Exercise materials ->
________________________
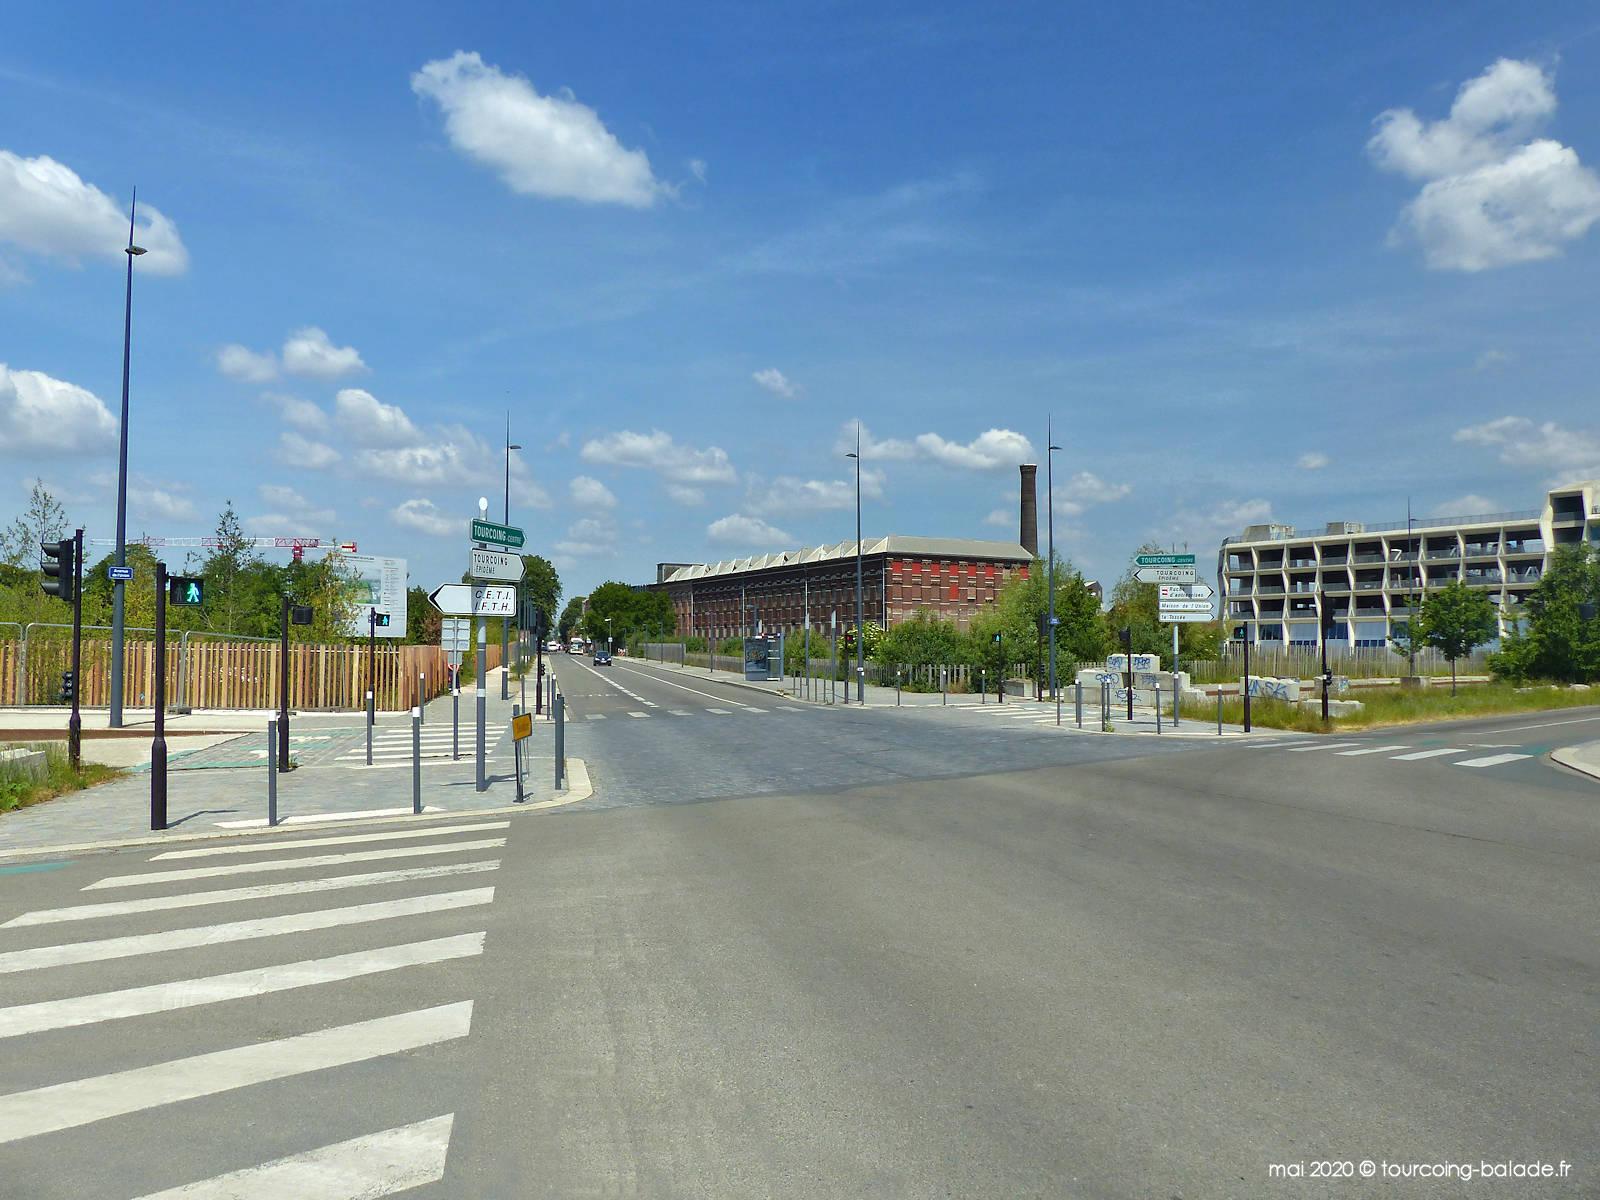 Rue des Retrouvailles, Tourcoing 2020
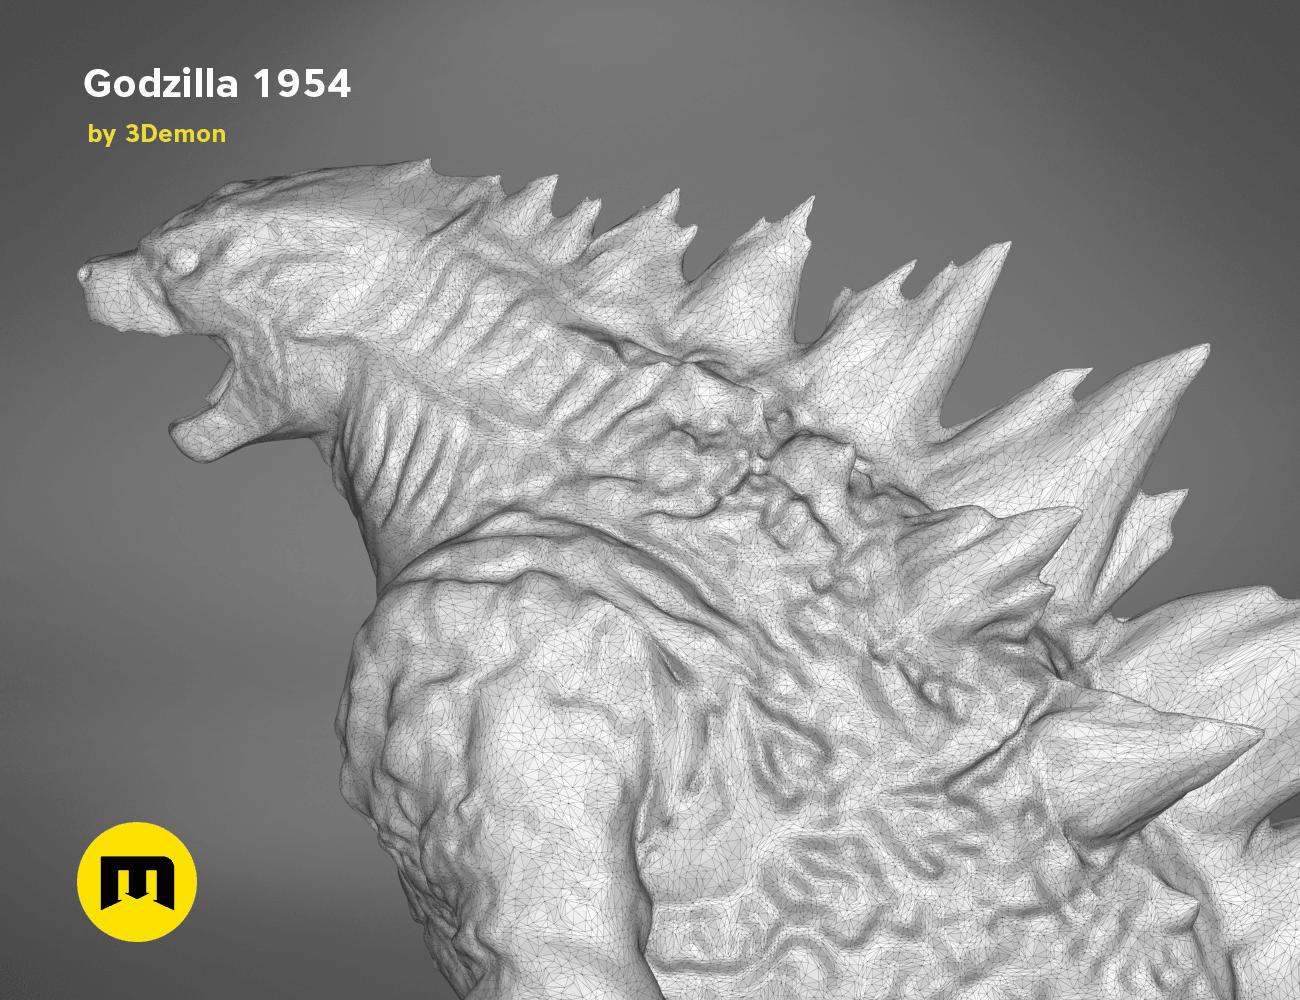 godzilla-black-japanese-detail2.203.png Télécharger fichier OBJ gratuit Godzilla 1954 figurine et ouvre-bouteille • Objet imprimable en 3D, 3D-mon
________________________
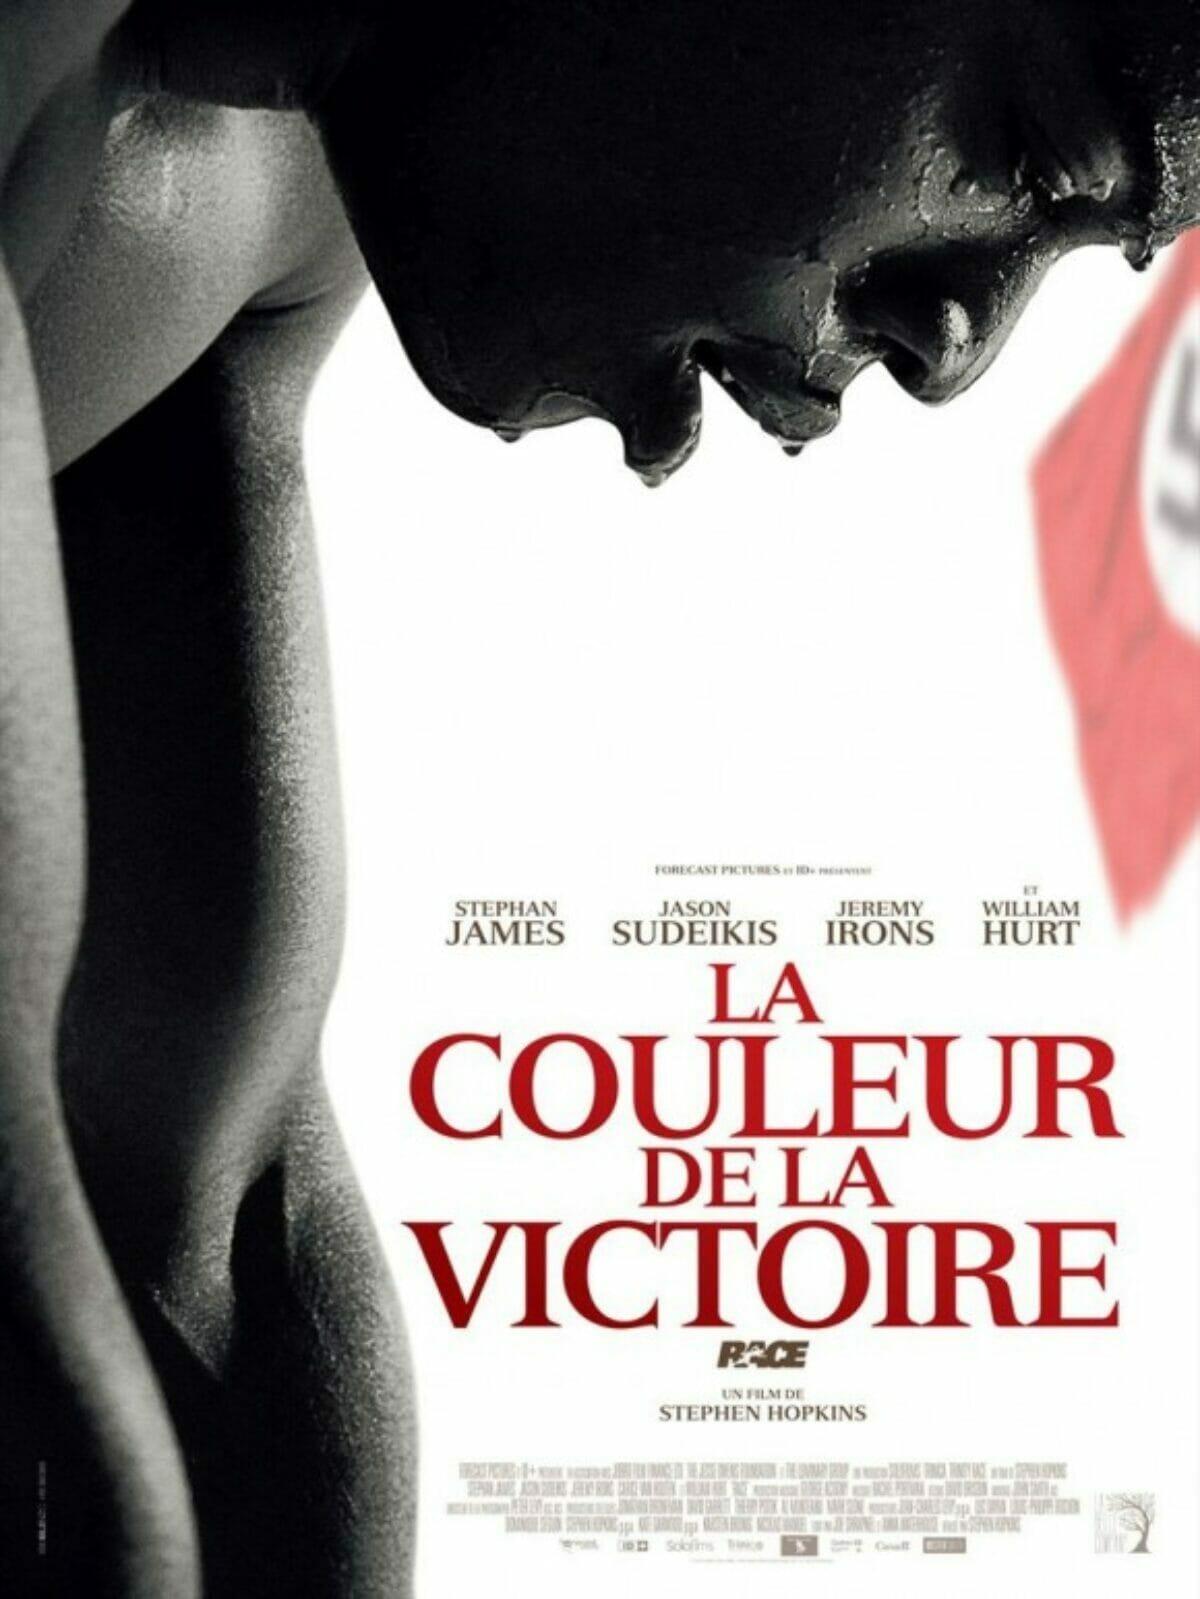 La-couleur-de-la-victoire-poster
________________________
Task statement -> Look above for the line with "Rue des Retrouvailles, Tourcoing 2020" and copy exactly from it through the line with "godzilla-black-japanese-detail2.203.png Télécharger fichier", both included. Omit the pictures.

Your solution ->
 Rue des Retrouvailles, Tourcoing 2020
 godzilla-black-japanese-detail2.203.png Télécharger fichier OBJ gratuit Godzilla 1954 figurine et ouvre-bouteille • Objet imprimable en 3D, 3D-mon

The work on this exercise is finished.